General characteristics
- Class & type: Sotoyomo-class fleet tug auxiliary fleet tug
- Displacement: 534 t.(lt) 835 t.(fl)
- Length: 143 ft (44 m)
- Beam: 33 ft (10 m)
- Draft: 13 ft (4.0 m)
- Propulsion: Diesel-electric engines, single screw
- Speed: 13 knots (24 km/h; 15 mph)
- Complement: 45
- Armament: One single 3"/50 dual purpose gun mount and two single 20 mm AA guns.

= USS Mahopac (ATA-196) =

Tugboat of the United States Navy

USS Mahopac (ATA-196) was a U.S. Navy auxiliary fleet tug laid down on 24 November 1944 and launched 21 December 1944. She served briefly in the Pacific Theater at the end of World War II, followed by extended assignments in Alaska and Japan. Between 1965 and 1969 she made periodic tours off the coast of Vietnam in support of 7th Fleet operations there during the Vietnam War.
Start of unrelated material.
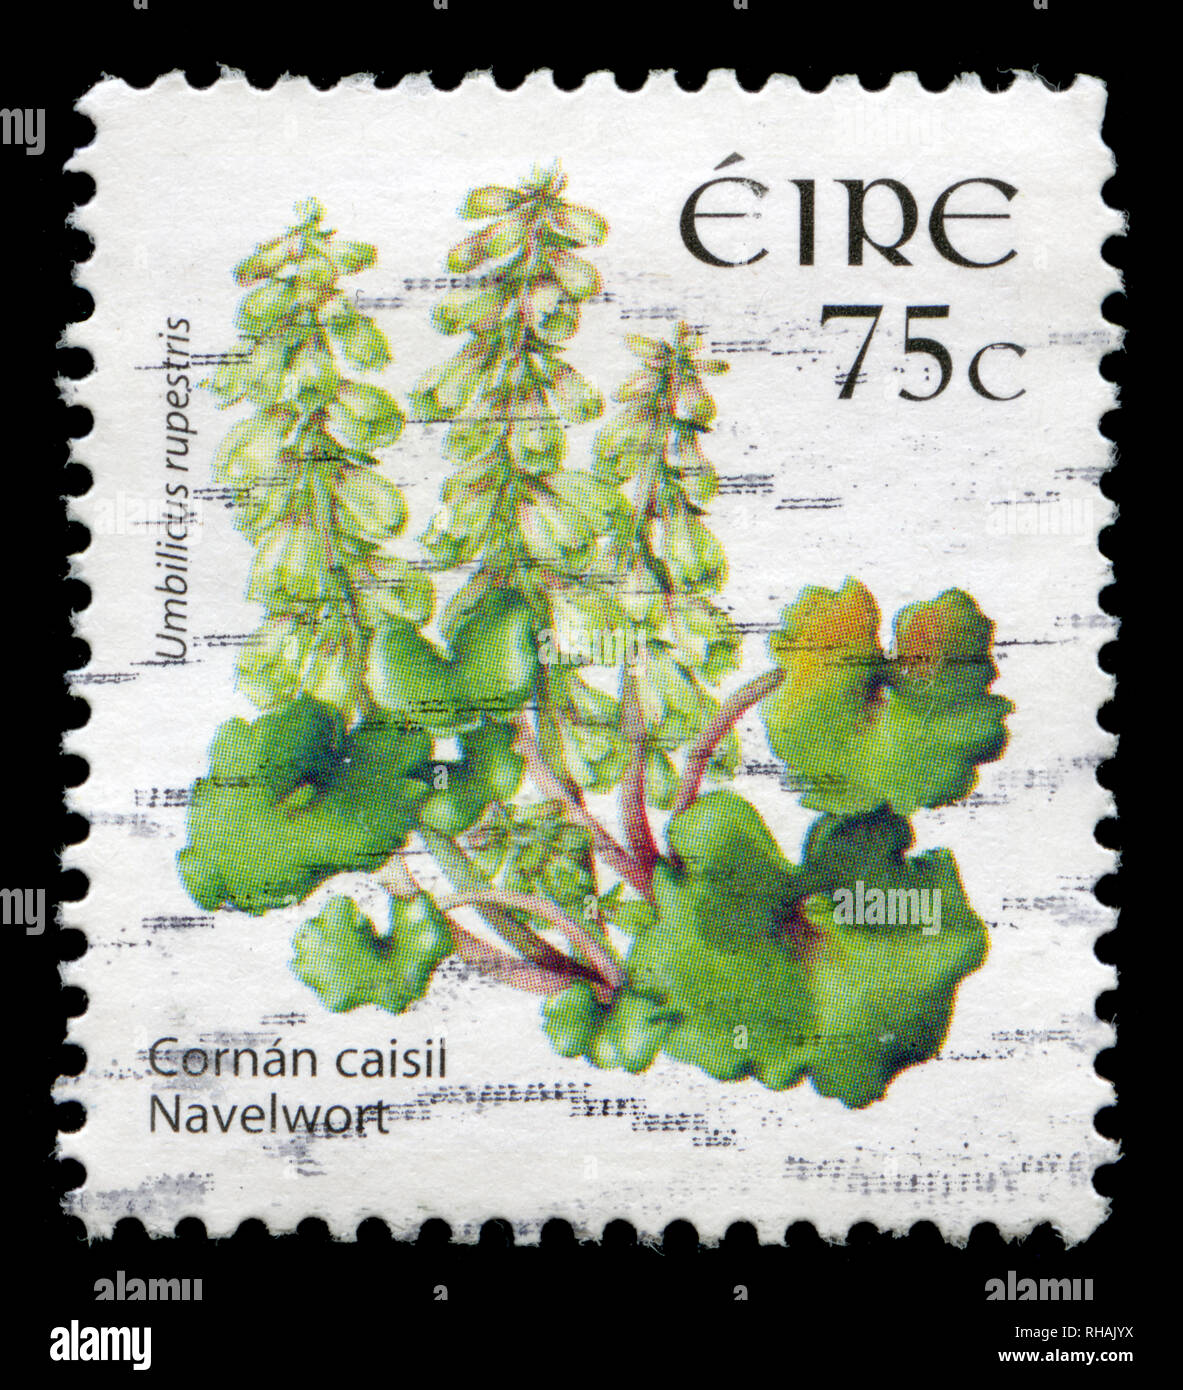 Briefmarke aus Irland in die wilden Blumen Dauerserien 2004-2011 Serie in 2006. Stockfoto

Mahopac was sold to Taiwan in 1976 under the Security Assistance Program (SAP). She was expended as missile target in 1993.

==History==
The vessel's planned designation was ATR-123, reflecting her intended role as a Rescue Ocean Tug, but was re-designated as Auxiliary Ocean Tug ATA-196 on May 14, 1944, before construction had started. Upon completion of shakedown and underway training, ATA‑196 departed for the Pacific. From May through November 1945 she participated in towing operations in the central and western Pacific. She then proceeded to the north Pacific for towing and search air rescue duties with the Alaskan Sea frontier. While serving in that area, she was named Mahopac 16 July 1948, after Lake Mahopac, New York.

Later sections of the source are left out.